Best Bells and Whistles: Vitamix A3500

This is the first Vitamix I bought, and while my eyes have now wandered to the 5200, I still love it. It has the same 2.2 HP motor as the Pro Series 750, so it performs just as well, though it is a bit louder than both the 5200 and 750. What I love about it are the preset functions, including ones for handling smoothies, hot soup, nut butter, and self-cleaning with the touch of a button. You can easily perform these tasks manually on other models, but I have to admit that I’ve become a little dependent on being able to just dump in ingredients, hit a couple of buttons, and let it go. It has a beautiful digital touchscreen, and comes in multiple colors and finishes. Convenience and aesthetics do come at a price, though. The A3500 is tied for most expensive Vitamix blender, along with the Pro 750. Because of the wider, low-profile blending container, this model had the same issues with blending almond butter. It also has the longest warranty period of all the blenders tested: a whopping 10 years!

Best Immersion Blender: Vitamix Immersion Blender

This model wins this category by default, admittedly, since it’s the only immersion blender Vitamix offers. However, of all of the immersion blenders I’ve used in pro kitchens and at home over the past decade, it’s the best one I’ve ever used. For starters, it has the most comfortable handle and sturdiest locking mechanism I’ve seen. Where some models feel a little wobbly, even after locking the blending wand to the handle, the Vitamix immersion blender feels like one solid unit. The blending wand is narrow, fitting nicely into wide-mouth mason jars, or any vessel with a 3” wide mouth. It makes quick work of even the most fibrous of frozen fruits (looking at you, frozen pineapple!) and veggies. The two-button controls are really intuitive: one powers the machine on, and the other is a pressure-sensitive variable speed button that increases blending power the harder you press it.
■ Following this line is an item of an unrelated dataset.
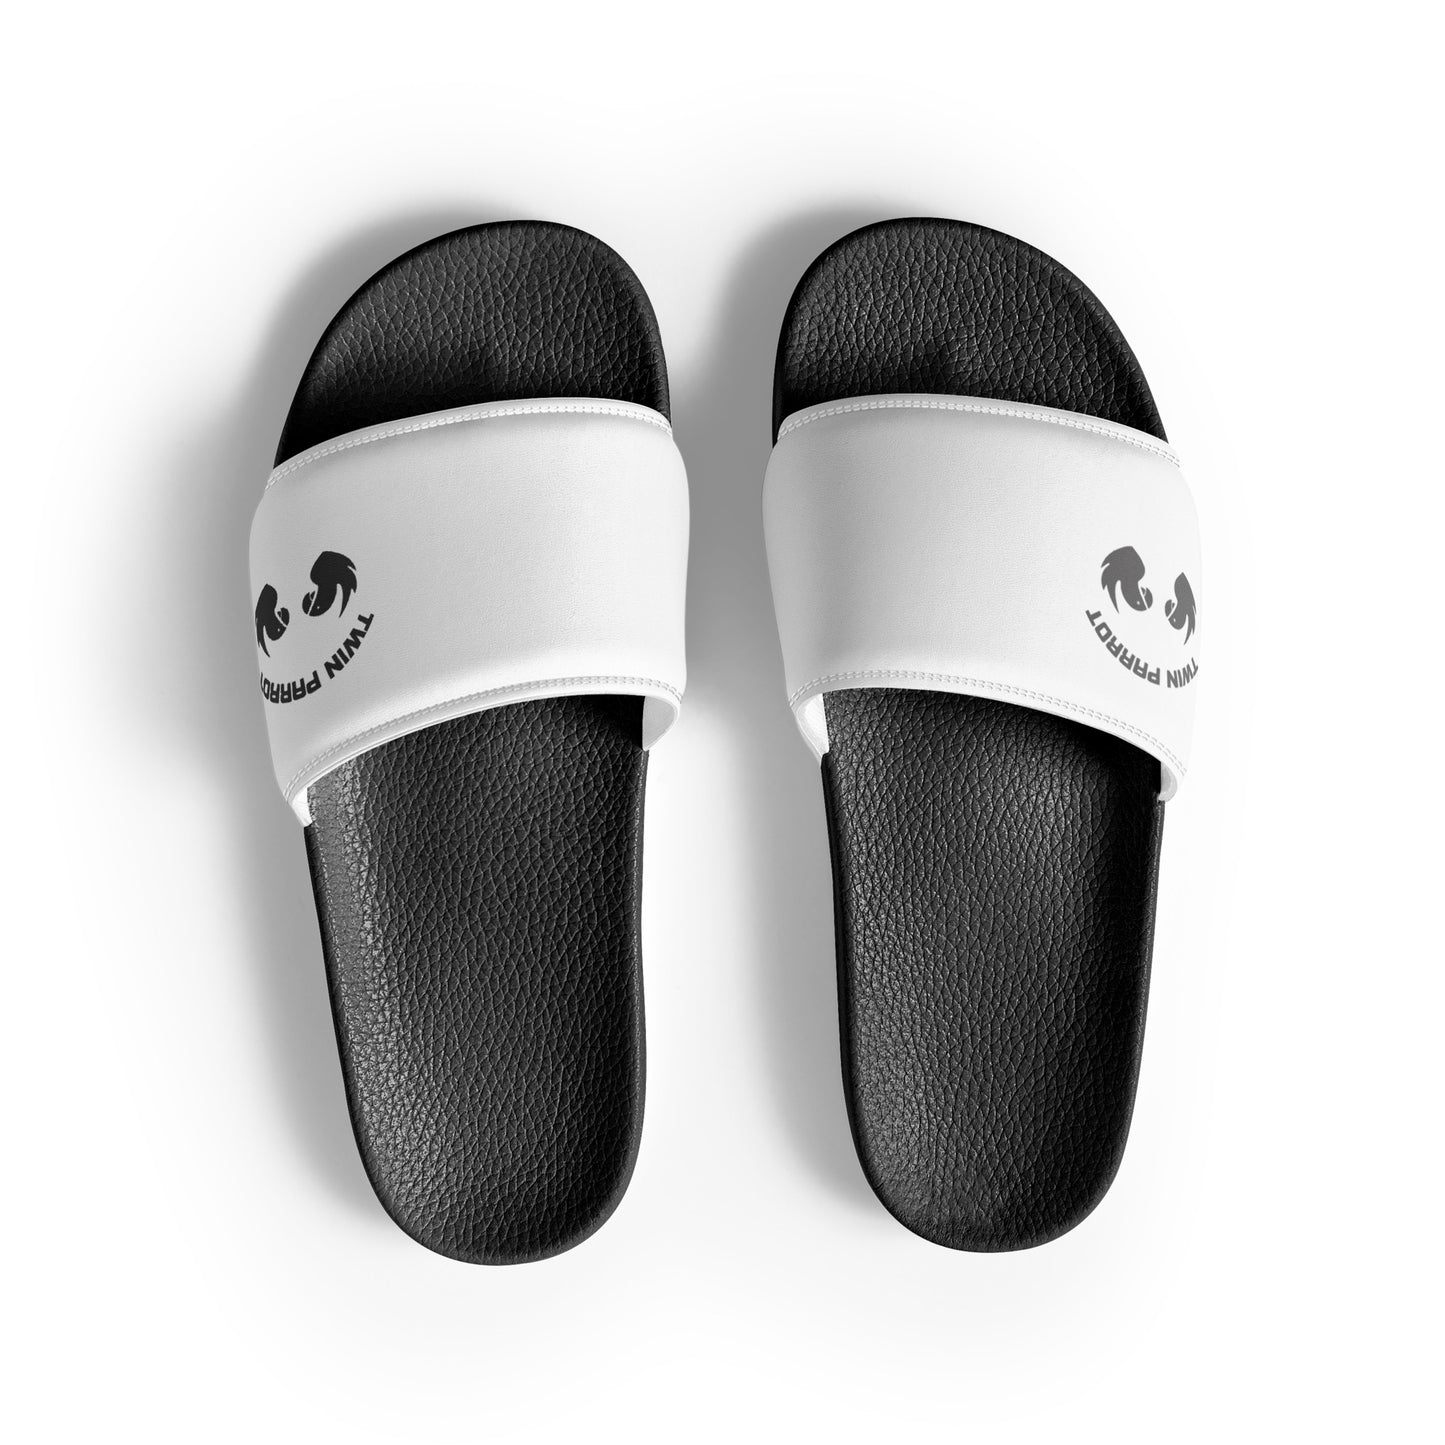 Cloud Comfort Slides: Handmade Black Sandals for Effortless Luxury

Like the ONE, I couldn’t perform all of the same tests with it, like processing nut butter or using it to cook soup. It is, however, the best immersion blender I’ve used, and well worth the cost. This model comes with a three year warranty.

Ask the Experts

Is it expensive to repair my Vitamix blender?

Vitamix’s warranty should cover any repairs, but if your warranty has lapsed like it has for El-Waylly, you may be able to repair it yourself. “Depends on what’s wrong with it,” says El-Waylly. “If you’re just changing a gear or the blade and you have a guy (or are the guy) it’s about 40 bucks. If it’s something more serious with the motor, I recommend buying a new one (but that’s very very rare).”

Can I use my Vitamix blender as a food processor?

While you can do some food processor tasks with your Vitamix, like making nut butter, it’s best to avoid things like making pie dough or chopping veggies. You can buy adapters and special blending cups for food processing with certain models, but what about just using the blending cup that comes standard with your model? “No, please don’t,” warns El-Waylly. “The blades are too small, the canister isn’t shaped for that kind of action, and you’ll likely burn out the motor.”